La institucionalización de la mediocridad en detrimento del mérito.
Lo que si cabe resaltar es que la obsecuencia es un arte despreciable. Esto, aunque absolutamente cierto y comprobable, no exculpa en su totalidad a la política paraguaya en general, ella se ha encargado de entronizar a la obsecuencia como virtud cardinal.
La obsecuencia, arte despreciable pero prolífica e impúdicamente ejercido, se practica a diario en el congreso de la nación, tanto por aquellos que históricamente lo elevaron de categoría como por nuevos actores que no se privan de gritar lisonjas y adulaciones, aunque necesiten de un megáfono para que sus palabras lamedoras lleguen hasta lo más alto. Porque, convengamos, el lacayo no nace, se hace; lo que, con algo de empeño y práctica, cualquiera que tase en tres mangos su dignidad, puede dominar este oficio tan miserable como útil.
Solo necesita sobresalir en unas pocas cosas: primero, la reverencia como dogma. La reverencia servil es la glorificación civil de la obediencia. Es una celebración de la entrega absoluta de la propia voluntad, elevada a un espectáculo que trasciende la crítica y convierte la sumisión en un acto de virtud.

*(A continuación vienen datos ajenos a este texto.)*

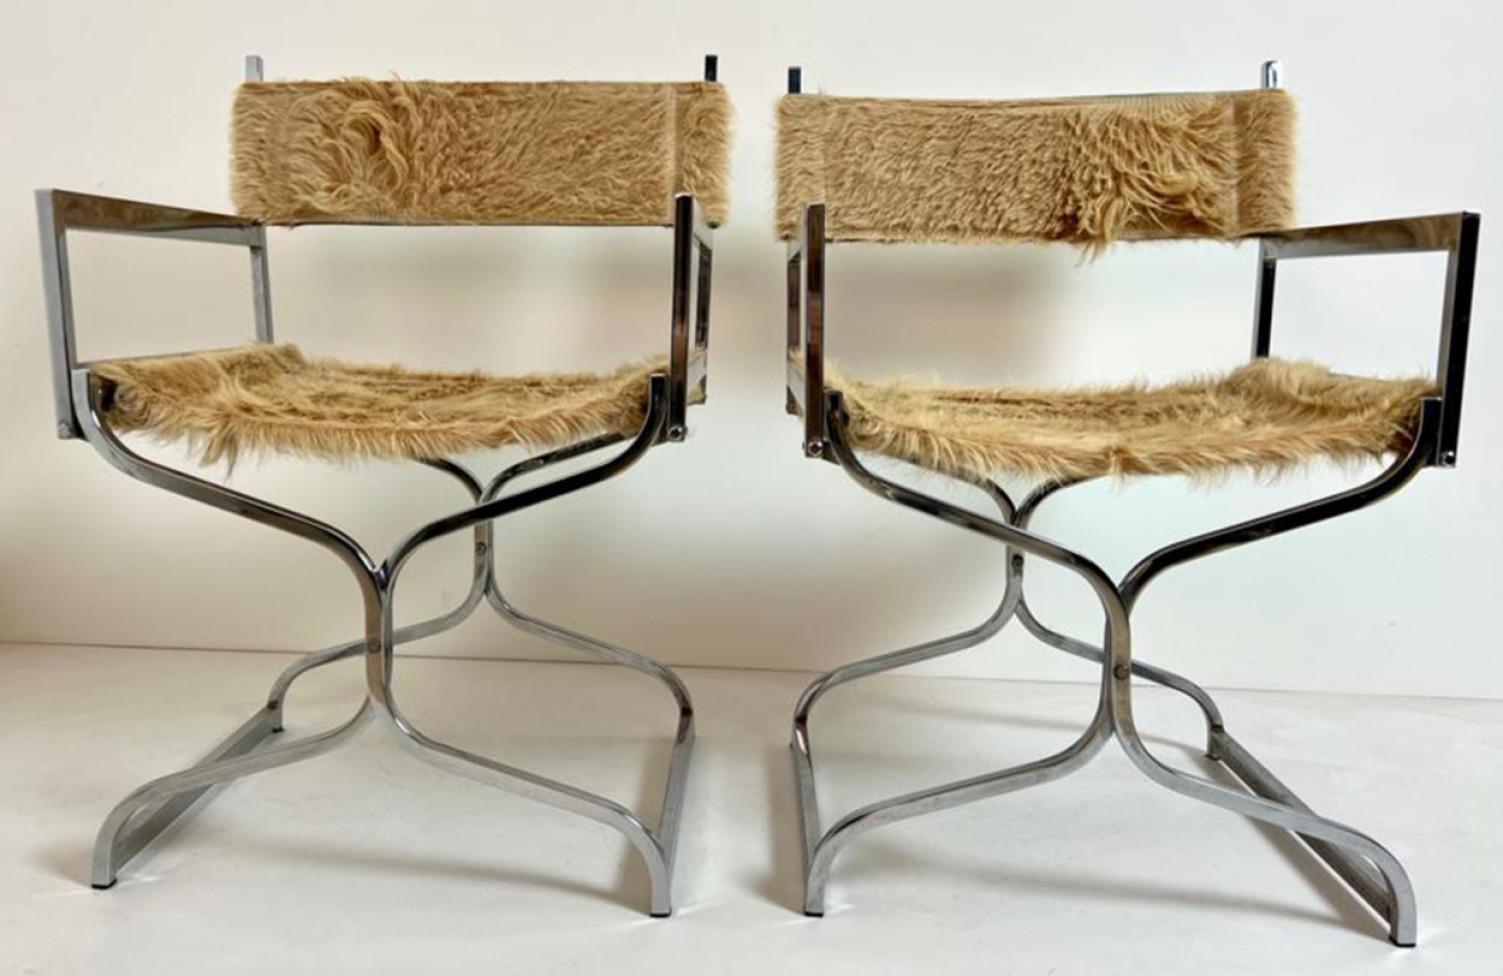 Other Set of Two Chrome Chairs With Horse Skin Upholstery by Arrmet, Italy

Este es el regalo envenenado que la partidocracia -que algunos llaman la casta, aunque van sucumbiendo al veneno- le ha hecho a la República. Se ha colado, primero, en los resquicios deshonestos que siempre existen en toda organización humana, para luego expandirse por todo el cuerpo social.
La obsecuencia ha desvalorizado la discusión interna en los partidos, se obedece y basta, quien no, saca los pies del plato y debe soportar las consecuencias. Hacer preguntas inteligentes, aportar ideas brillantes o tener opiniones firmes se ha devaluado porque el buen obsecuente no opina, no critica, no sugiere. Su arte es repetir como loro, asentir como muñeco de feria y adaptarse como un junco al viento.
En definitiva, la política paraguaya ha hecho de la obsecuencia su columna vertebral. Las consecuencias son tan evidentes como desalentadoras: un sistema donde la mediocridad florece, el mérito carece de valor y las voces críticas se apagan. La democracia, en este contexto, se transforma en una tragicomedia, donde los actores principales no son líderes, sino sombras que se mueven al compás de quien maneja los hilos. Y mientras tanto, el ciudadano común, atrapado en este teatro del absurdo, paga el precio de un sistema que glorifica la sumisión y castiga la integridad.